As we took a short walk to a nearby church, the children found more to celebrate outside the walls than inside, the little girl hopping with glee when a grasshopper appeared in the grass in front of her feet, asking her mother if she could bring the grasshopper home with her, wanting it for a pet. As the grasshopper jumped away each time she bent low towards it, she giggled, amused by her new playmate.

And when my dog, not used to having young children in the house, wouldn’t play with her, she looked puzzled as much as sad, finding it impossible to believe that a dog wouldn’t want to bounce around the yard in the same way that she did, perplexed how a puppy wouldn’t want to have as much fun as she was having.

It was an afternoon of lessons taught to me by two small children who didn’t even know that they were teaching the adults something very important, something we had forgotten how to do, how to play in the paradise that God had created for us. And I understood at that moment why the Book of Genesis says that God walked every afternoon in the garden with the man and the woman that he had created. It made perfect sense. Unsullied and unspoiled, these new creatures were like children, and he delighted in their delight as they strolled down the paths of the garden, smitten by snapdragons and sparrows and long-legged spiders. And, without a doubt, God found it very good.

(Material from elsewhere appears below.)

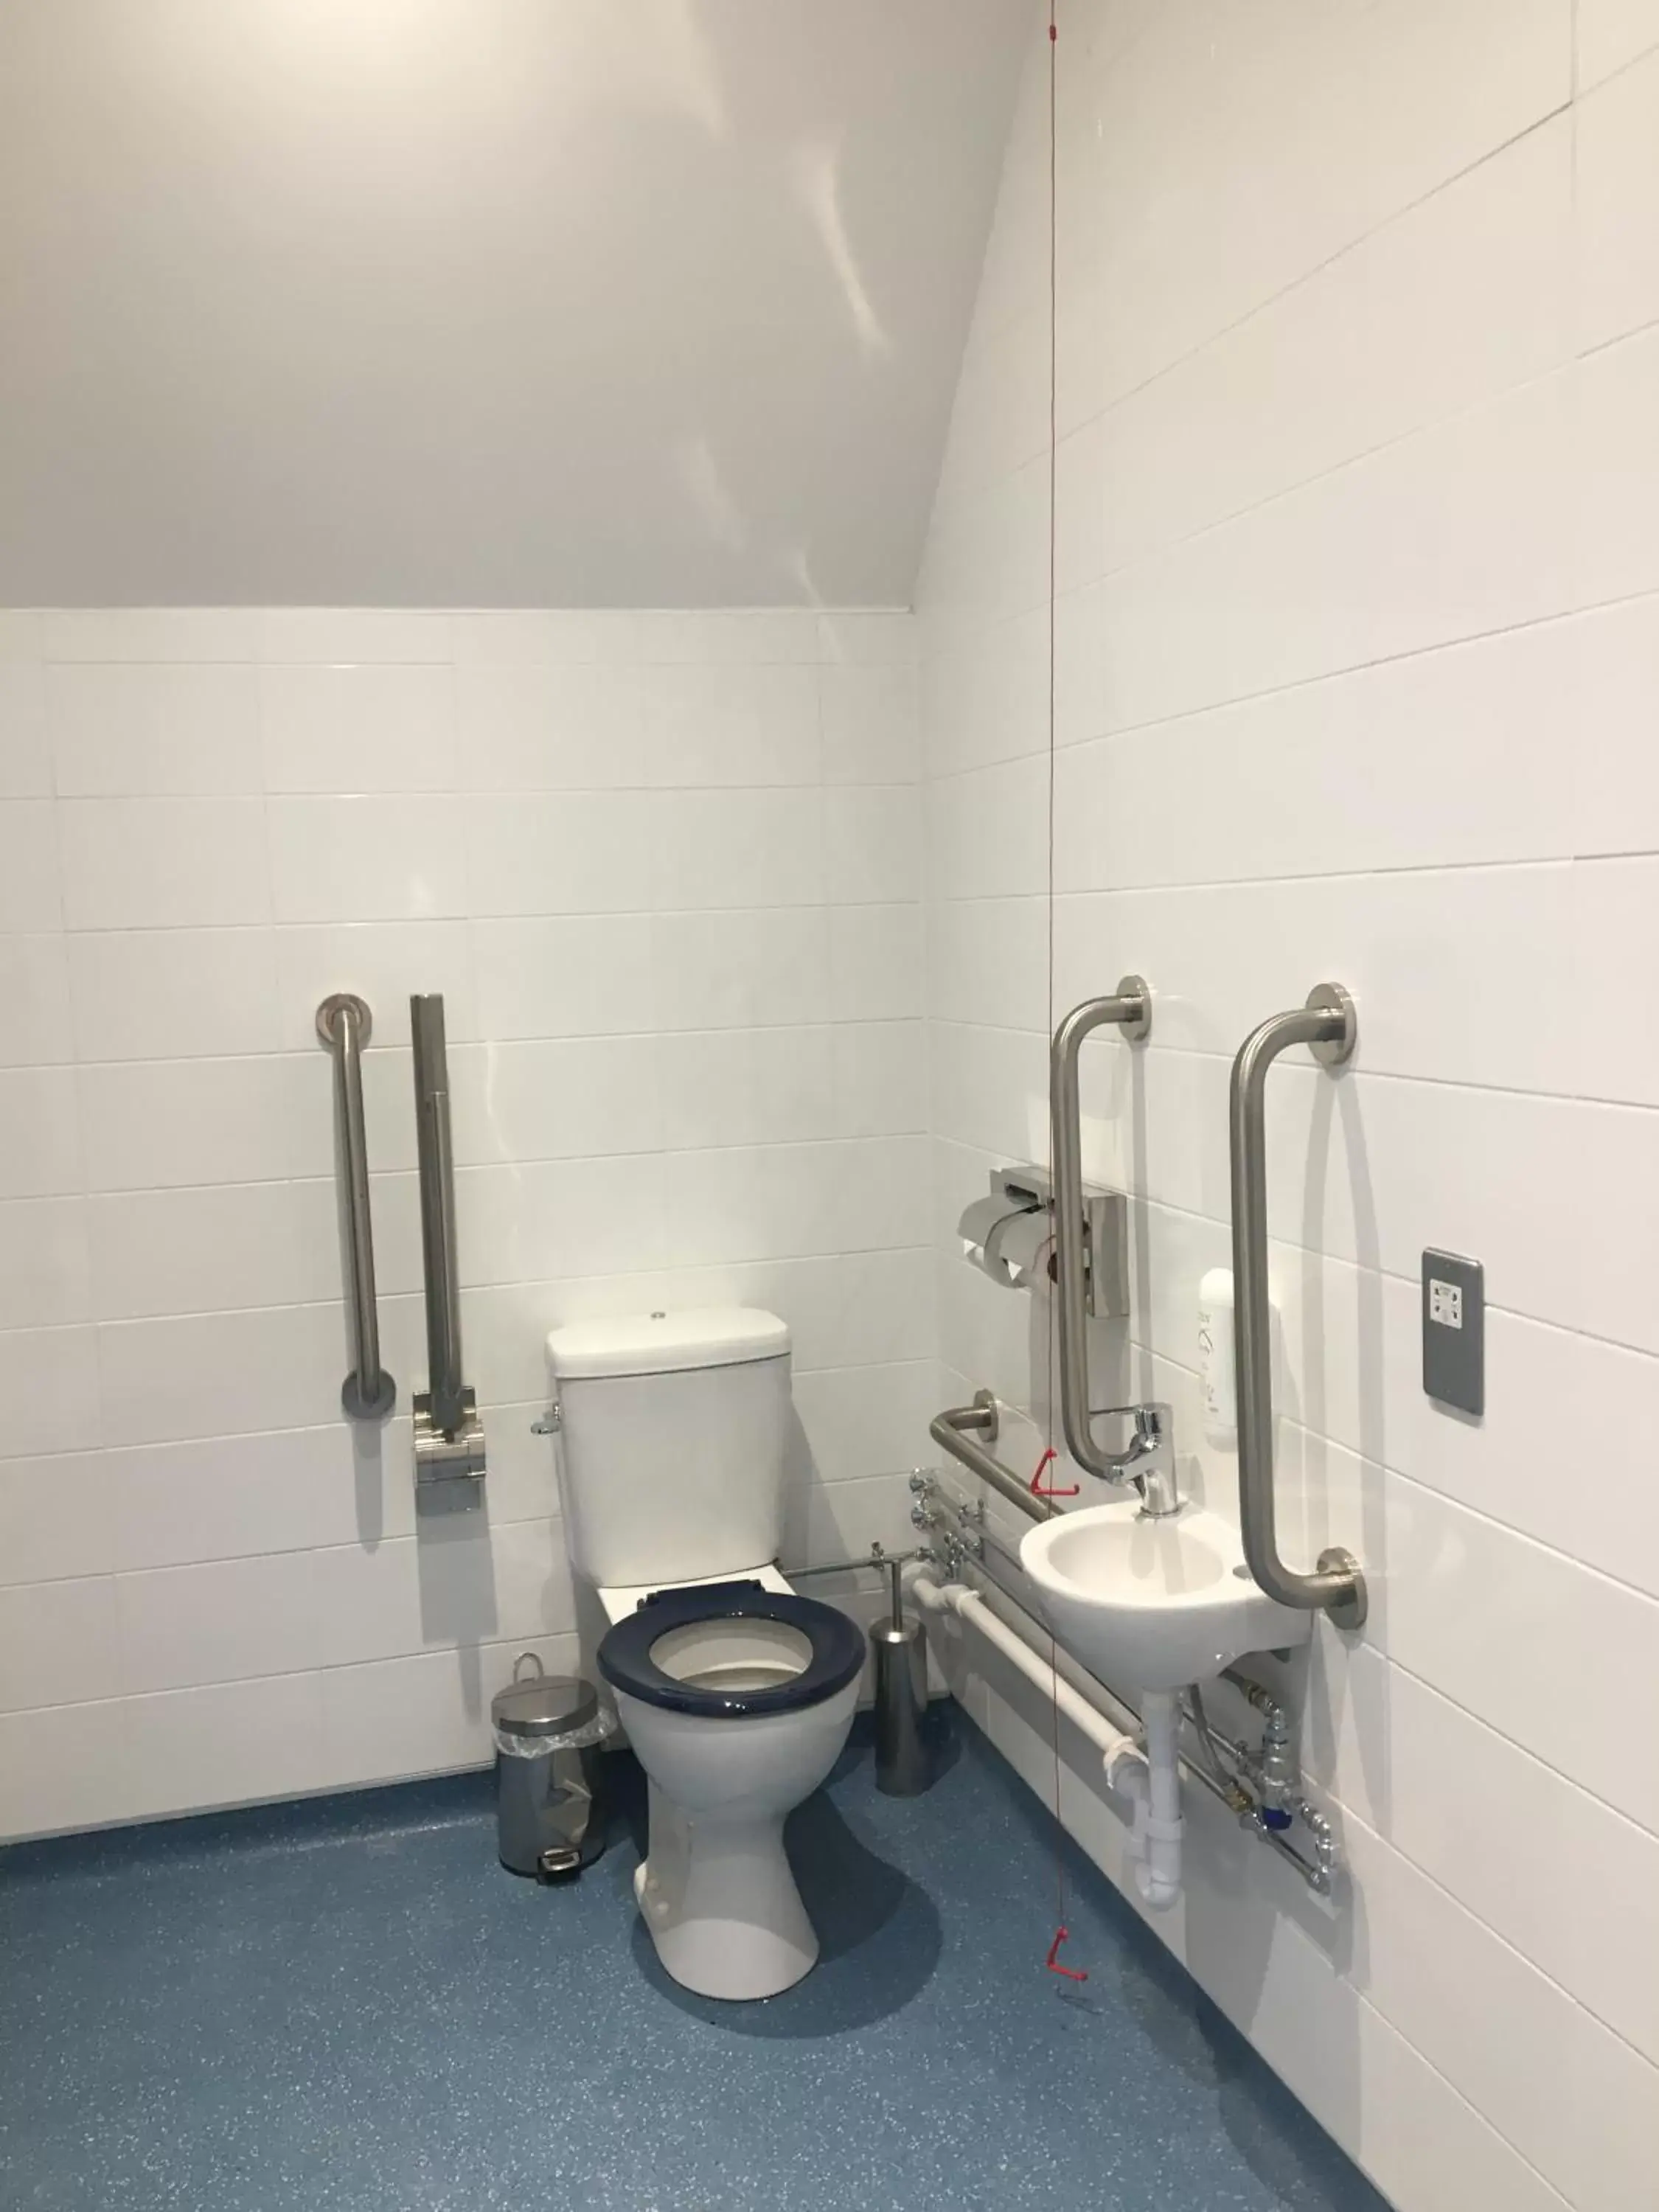 Toilet, Bathroom in The Catherine Wheel Wetherspoon Hotel

In telling the story of the unexpected appearance of the frog on her front step, Jolanda Pierce says that her lovely neighbor accompanied her and her daughter back to their house where he gently caught the frog in his hands and returned it to the great outdoors. It was all done in five-minutes’ time. But, as Yolanda also said, it was enough time for her daughter and the daughter of the neighbor to name the frog and to decide it was their friend.

So, for weeks afterward, the two little girls would check the garden carefully to check for any signs of their newfound friend or, for that matter, any other small creature that might grace their day by its sudden appearance before them as they played in the garden, loving it exactly as God hoped they would. They understood, better than most, that the world was “charged with the grandeur of God,” as the poet once said, a man who apparently had kept his eyes and ears open as only children can do.

The evangelist ends his story with a beautiful image, telling us that “Jesus took the children into his arms and  blessed them by placing his hands on them.” At first glance, the story almost appears inconsequential, requiring only three verses to tell it. And yet, truth be told, it may be one of the most important stories in the whole of the gospels, reminding us that if we ever want to find our way back to the garden, we might want to start looking at our world in a wholly different way.